На том месте красовалась теперь физиономия Мухиной Ольги, из шестого «б». Челочка, отчесанная от остальных волос тщательно — до ровной белой полоски. Глаза хитрые — лисонька! А рот добрый. Добрый, но тоже хитрый: хитрая Ольга, но добрая. Добрая, но хитрая.

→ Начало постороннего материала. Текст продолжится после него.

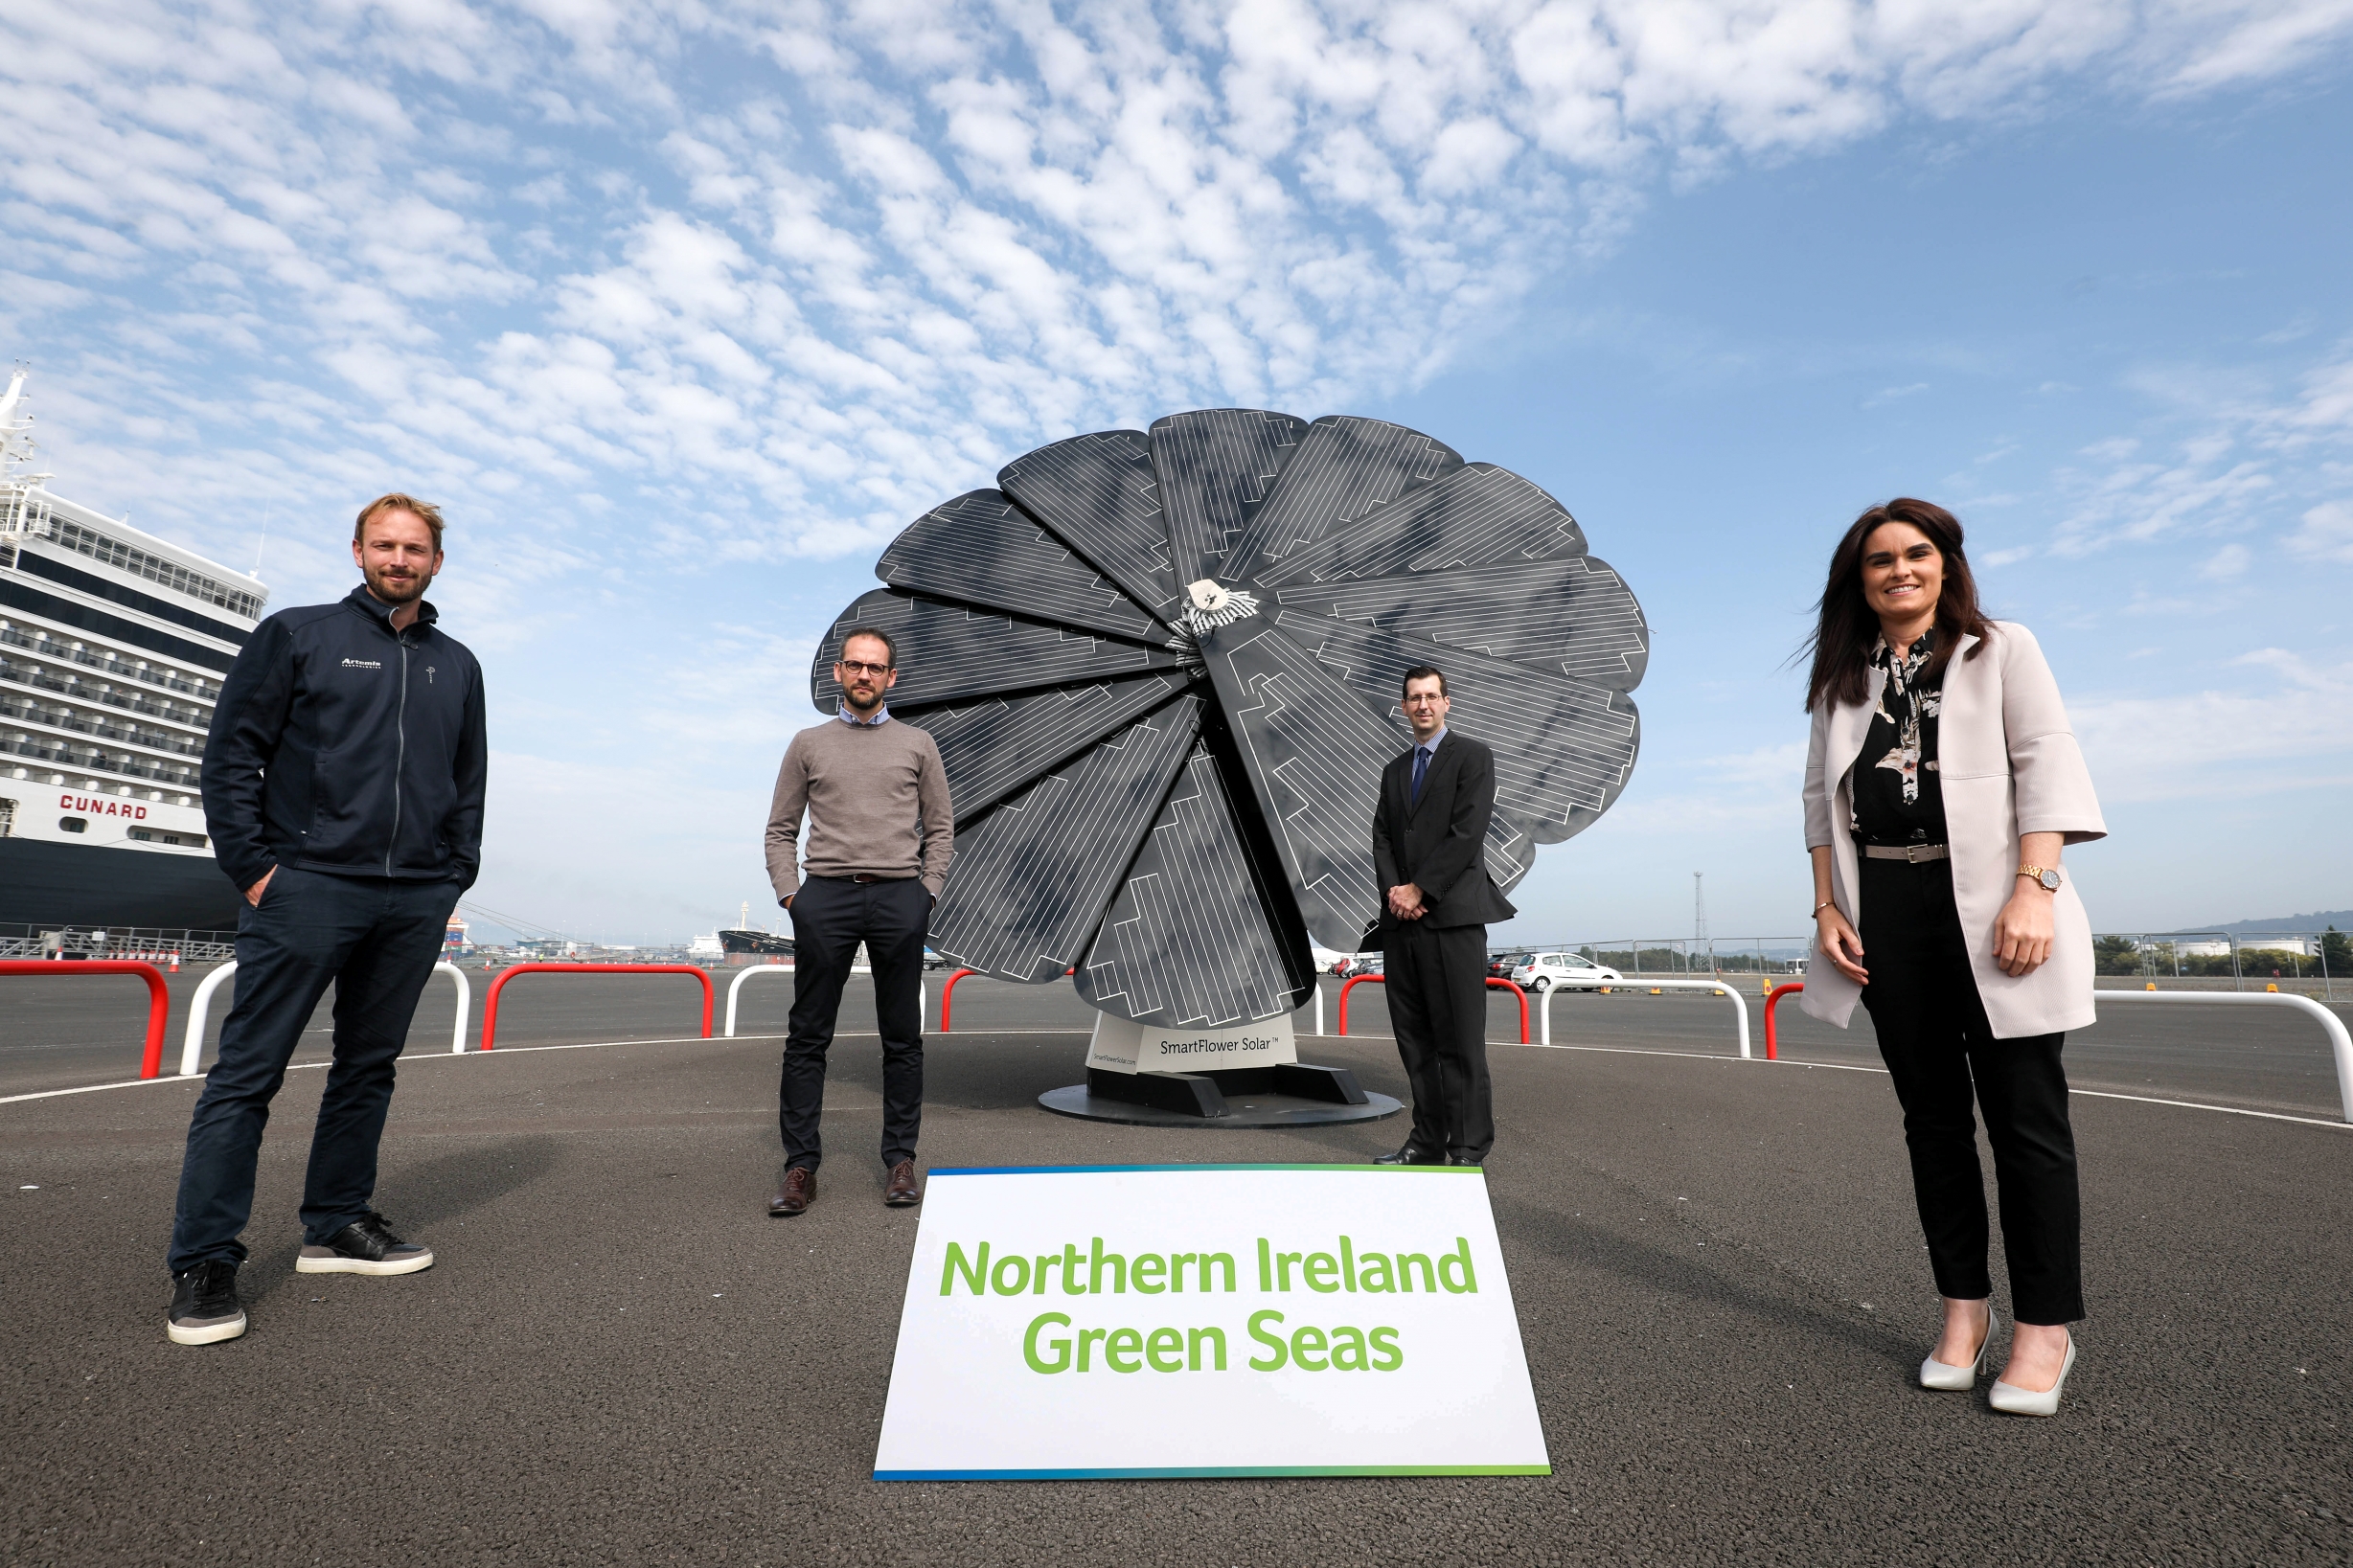 David Tyler, co founder of Artemis Technologies is pictured with three other recipients of the zero-emission maritime transport study funding

А чувство одиночества не проходило. Наоборот, становилось все острей. И дело не в том, что вместо него тут Мухина Ольга, хотя это тоже по-своему грустно… Нет, не в том дело. Он сам не мог бы ясно объяснить этого чувства, но суть его была в том, что вот — черпнули вы из реки ковшом, а ямки не осталось: река все покрыла. Опять черпнете — покроет, и ровная гладь реки ничем не напомнит о вашем ковше…
Иван снова вошел в кабинет, лег на диванчик, сунул голову в подушку, вдохнул слабый запах дезинфекции, который его еще больше растравил, и наконец заплакал. Все слезы, что копились в нем целый день, а быть может, и дольше, сейчас выливались легко и обильно. Он плакал, не сдерживая себя, не испытывая страха и стыда, — некого было бояться и стыдиться.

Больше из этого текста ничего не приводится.